# DIY - Pressure testing your intake - Find Vacuum Leaks



## chris86vw (Feb 23, 2000)

I could have sworn someone posted pics at least of how to make one of these a while back but after I posted that I used my pressure tester to make the mbar/voltage chart I've gotten a few IMs about what exactly you do. So since I needed to test mine today after my IC install I figured I"d take some pics and do a little write up.
There are a few notes I'd like to make.. This is somewhat dangerous.. You are using high pressure to test hoses that are only held on with hose clamps.. your face will be near some of these hoses and they can and will possibly blow off in your face... scaring the crap out of you. Also if not done correctly you are looking to have a huge oily mess in your intercooler pipes which will give you the nice spy hunter smoke effect for a few days so follow the steps to help prevent that carefully.

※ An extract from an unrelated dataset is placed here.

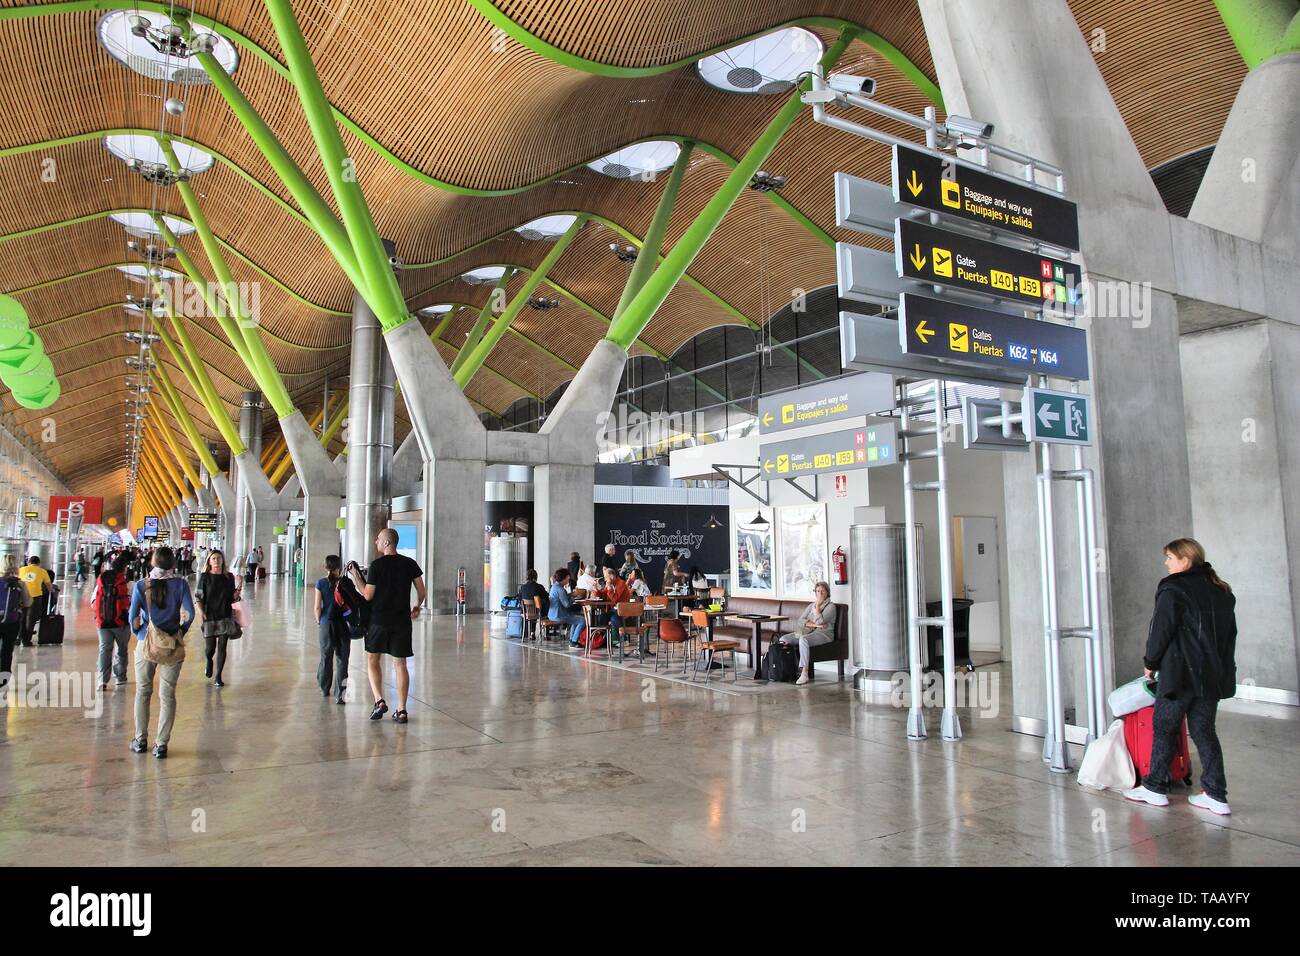 MADRID, Spanien - 5. OKTOBER 2014: Passagiere besuchen Sie Stift 4 am Flughafen Madrid Barajas entfernt. Die berühmten Terminal 4 wurde von Antonio Lamela und Richa konzipiert Stockfoto

We'll start with the oil preventitive stuff:
1: Remove the oil cap. This will relieve any extra pressure that makes it to the crank case and will prevent oil being forced up into the PCV hoses:








2: Clamp off the PCV line from the block/valve cover to the intake boot.. This is very important for two reasons... 1 it will again prevent the oil from being forced into the intake causing the smoking when your done. 2 it if not clamped lots of air will be circulating through the hoses and the noises will distract you from actual leaks. You can see that I used a pair of plastic radiator hose clamps. Pep boys and autozone now sell these for a few bucks and are very handy. If you dont' feel like buying them or cant' find them then a long pair of needle nose vice grips will work. But be very careful.. pinch the hose to hard and you can tear it.. not hard enough and it wont' work... To prevent tearing them I usually put a piece of cardboard between the teeth and the hose on either side.

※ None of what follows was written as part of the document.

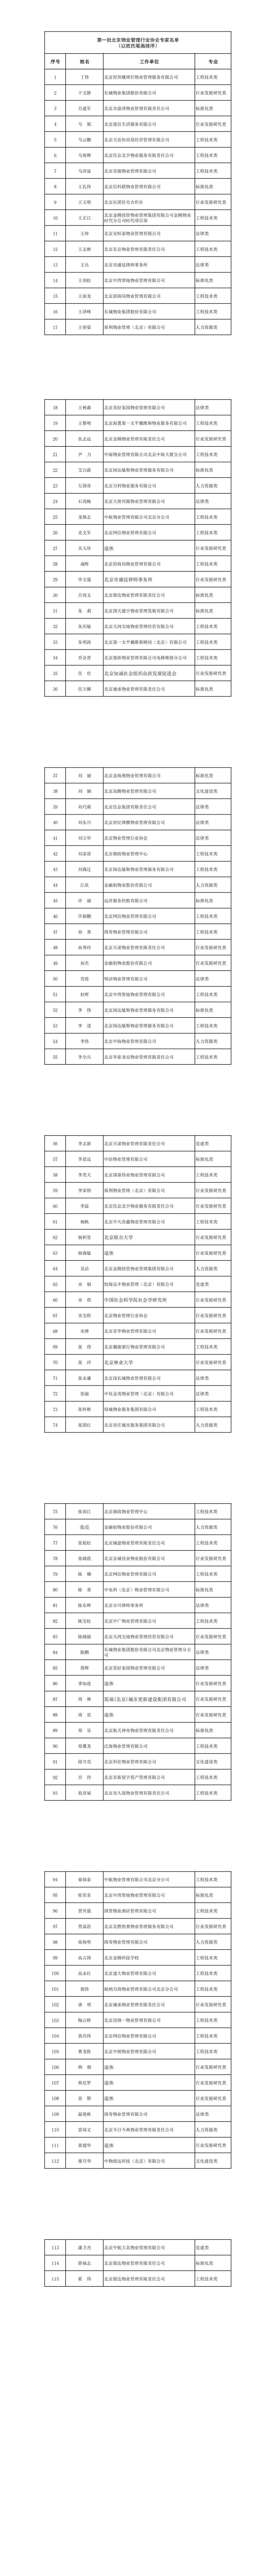 第一批北京物业管理行业协会专家名单_00.png

note when doing this you may actually find a few leaks in the PCV system under the intake manifold. On the car I did the testing of the pressure sensor on I found a huge tear in one of his hoses.. to finish the testing I had to pinch this off with a small version of the clamps above.. it was leaking at only 1psi of pressure in the system.

Next you will need a means of sealing off the intake and this will alos serve as the connection for the pressure source.. The simplest way to do this is with a PVC (yes PVC this time not PCV) cap from home depot/lowes. For a stock TIP or the samco TIP you can use a 2" PCV cap it will have a OD of about 2.25 and work great. Drill a hole in the middle of it, tap it and insert a air line hose fitting (the male side).. mine for example used 1/4 npt.. check the tap for the drill bit size I forget.. the best part is its plastic so if you have to go a hair smaller it will still tap just fine and the fitting will seal itself.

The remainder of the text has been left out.